A huge number of North Koreans including leader Kim Jong Un attended a funeral for a top official, state media reported Monday, as the country maintained the disputed claim that its suspected coronavirus outbreak is subsiding. Since admitting earlier this month to an outbreak, North Korea has only stated how many people have fevers daily and identified just a fraction of the cases as COVID-19, per the AP. State media said Monday that 2.8 million people have fallen ill due to an unidentified fever but only 68 of them died since late April. North Korea has limited testing capability for that many sick people; some experts say it may be underreporting mortalities to protect Kim from political damage.

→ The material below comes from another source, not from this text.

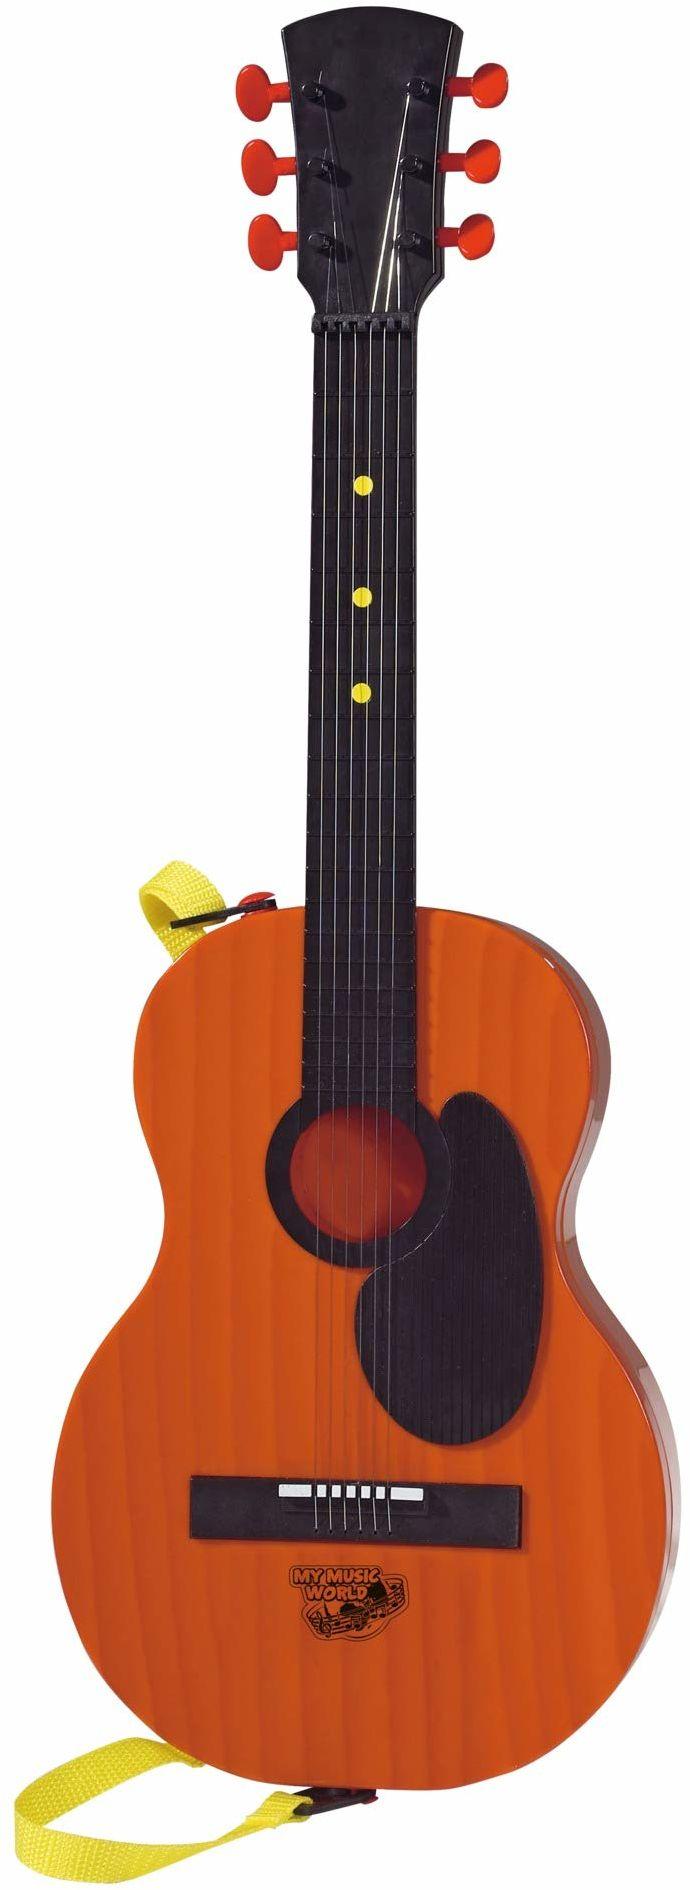 Simba 106831420 - My Music World Country gitara 54 cm

The official Korean Central News Agency said Kim attended the funeral Sunday of Hyon Chol Hae, a People’s Army marshal who played a key role in grooming him as the country’s next leader before Kim’s father, Kim Jong Il, died in 2011. In one of the country’s biggest state funerals since his father's death, a bare-faced Kim Jong Un carried Hyon’s coffin with top officials who wore masks. Kim and hundreds of masked soldiers and officials also deeply bowed before Hyon’s grave at the national cemetery. State TV earlier showed thousands of other masked soldiers clad in olive-green uniforms gathered at a Pyongyang plaza.
KCNA quoted Kim as saying that “the name of Hyon Chol Hae would be always remembered along with the august name of Kim Jong Il." He wept when he visited a mourning station established for Hyon last week. During Sunday’s funeral, most people, except for Kim Jong Un and honor guards, wore masks. The North’s ongoing outbreak was likely caused by an April 25 military parade that drew large crowds of unmasked people. Experts suspect COVID cases have since skyrocketed, but the country has shunned outside assistance.